There is no practical reason why in principle, as with bradycardia pacing, ICD implantation should be confined to tertiary centres. Technically, implanting a modern defibrillator requires little additional experience to that already possessed by a cardiologist who performs pacing. Devices are now small enough that the implantation technique is virtually identical to that of a bradycardia pacemaker. VF induction and defibrillation is performed under conscious sedation rather than general anaesthesia, and the precautions necessary to perform this safely are the same as when sedation is employed for transoesophageal echocardiography. Although initial programming and follow up of these devices requires training and careful thought, device companies run frequent excellent courses to support physicians and technicians in this area.

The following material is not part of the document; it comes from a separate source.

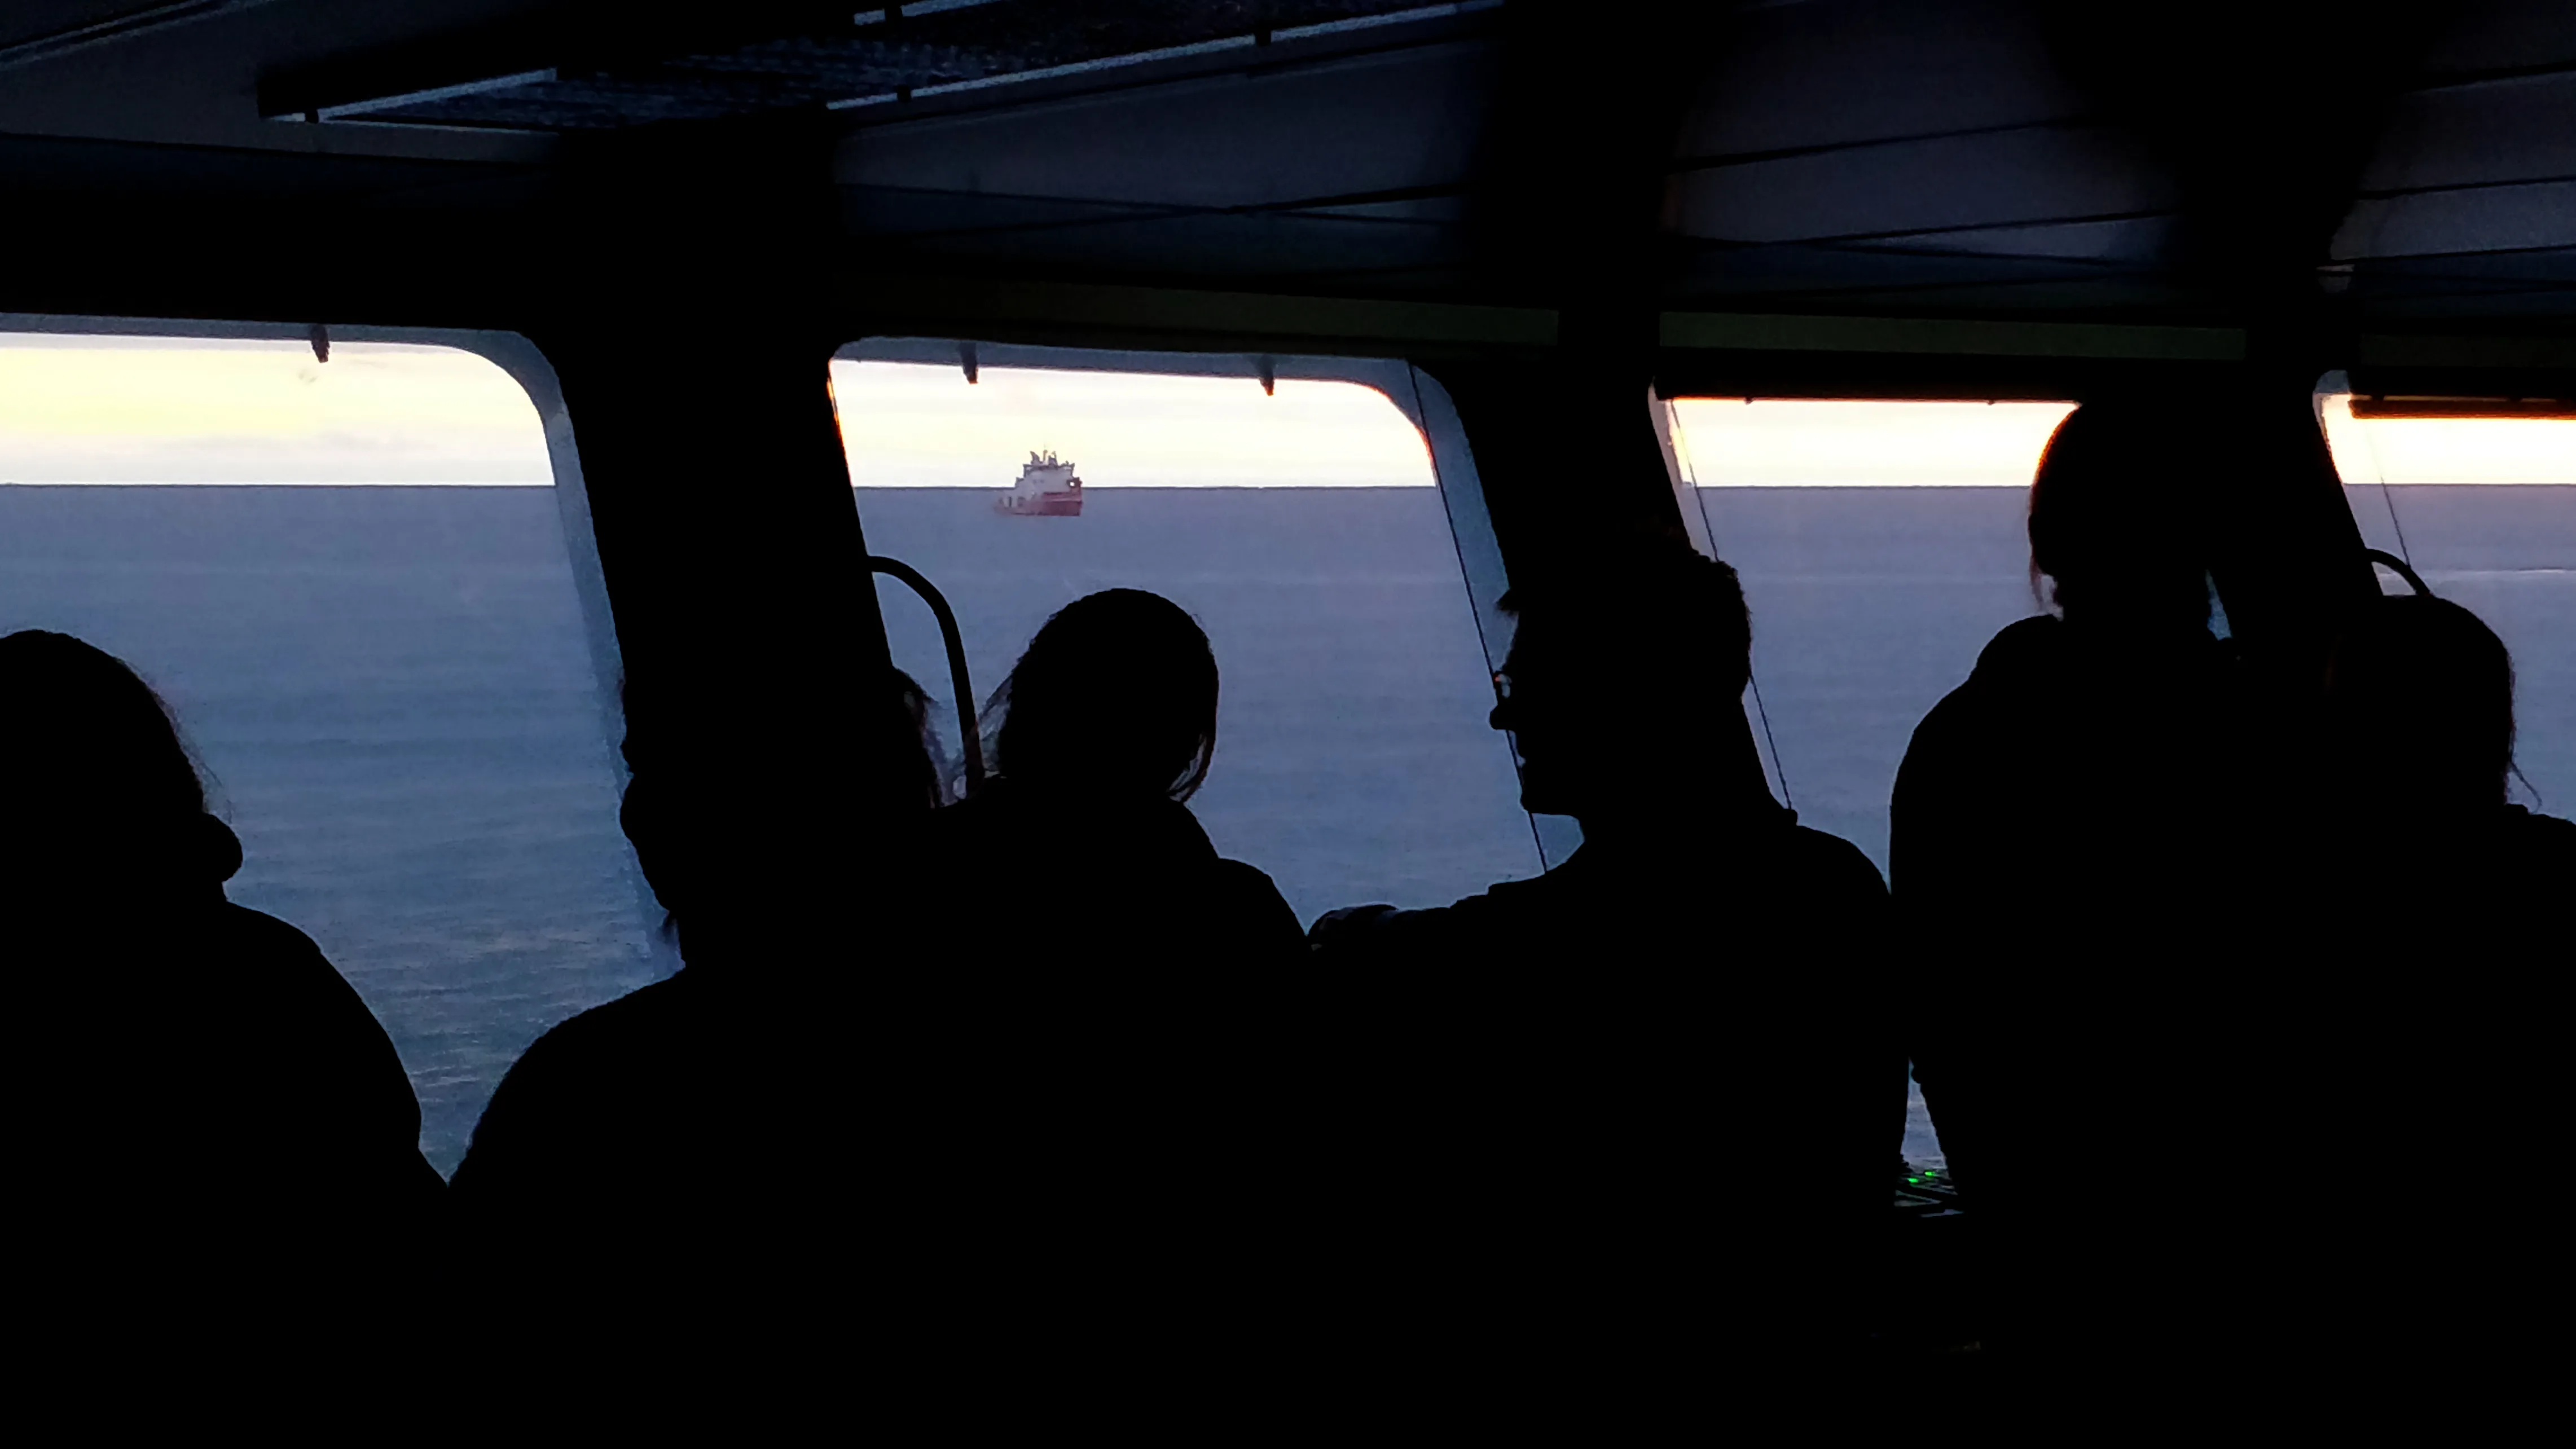 View of a red ship through the windows of a ships bridge. Many people are watching, all in silhouette against the windows.

DATA COLLECTION AND MONITORING

For many years, we have been collecting data on coronary angiography and intervention using the Minerva database. This database provides data on patient demographics, risk factors, indications, complications, and outcomes. At present, there is no such system in place for pacemakers and defibrillators. The data collected by the National Pacemaker Database is invaluable, as the article by Cunningham et al¹ demonstrates. It would be extremely useful to extend the scope of data collection for ICDs to include primary and secondary prevention indications, and more detail on patient characteristics, as is the case with coronary intervention. In addition, as recommended by NICE, all cardiology units must audit their practice in order to estimate demand and take steps to secure resources. It will also be important to collect data on the incidence of patients fulfilling the criteria used in the later primary prevention trials such as MADIT-II¹² and SCD-HeFT,¹³ as the outcomes of these studies will influence future guidelines and it will be advantageous to appreciate in advance the implications for service provision.

THE FUTURE?

NICE is due to issue new guidance on ICD therapy in coming months. It is likely that the results of the more recent secondary prevention study MADIT-II will influence selection criteria, which would simplify the identification of patients by removing the need for EP testing, but at the same time increasing the number of eligible patients.

It is essential that we acknowledge regional trends in ICD implantation and seek explanations for the observations. The data presented by Cunningham et al¹ is now more than two years out of date, and more frequent data collection and reporting is necessary to keep abreast of the situation. Managed clinical networks will facilitate regional service provision, helping to resolve issues and assist in service expansion. As with interventional cardiology, an expansion in the number of “device specialists” will be necessary, and not only in major teaching hospitals. Hopefully, the article by Cunningham et al will provide the stimulus for change in this important area.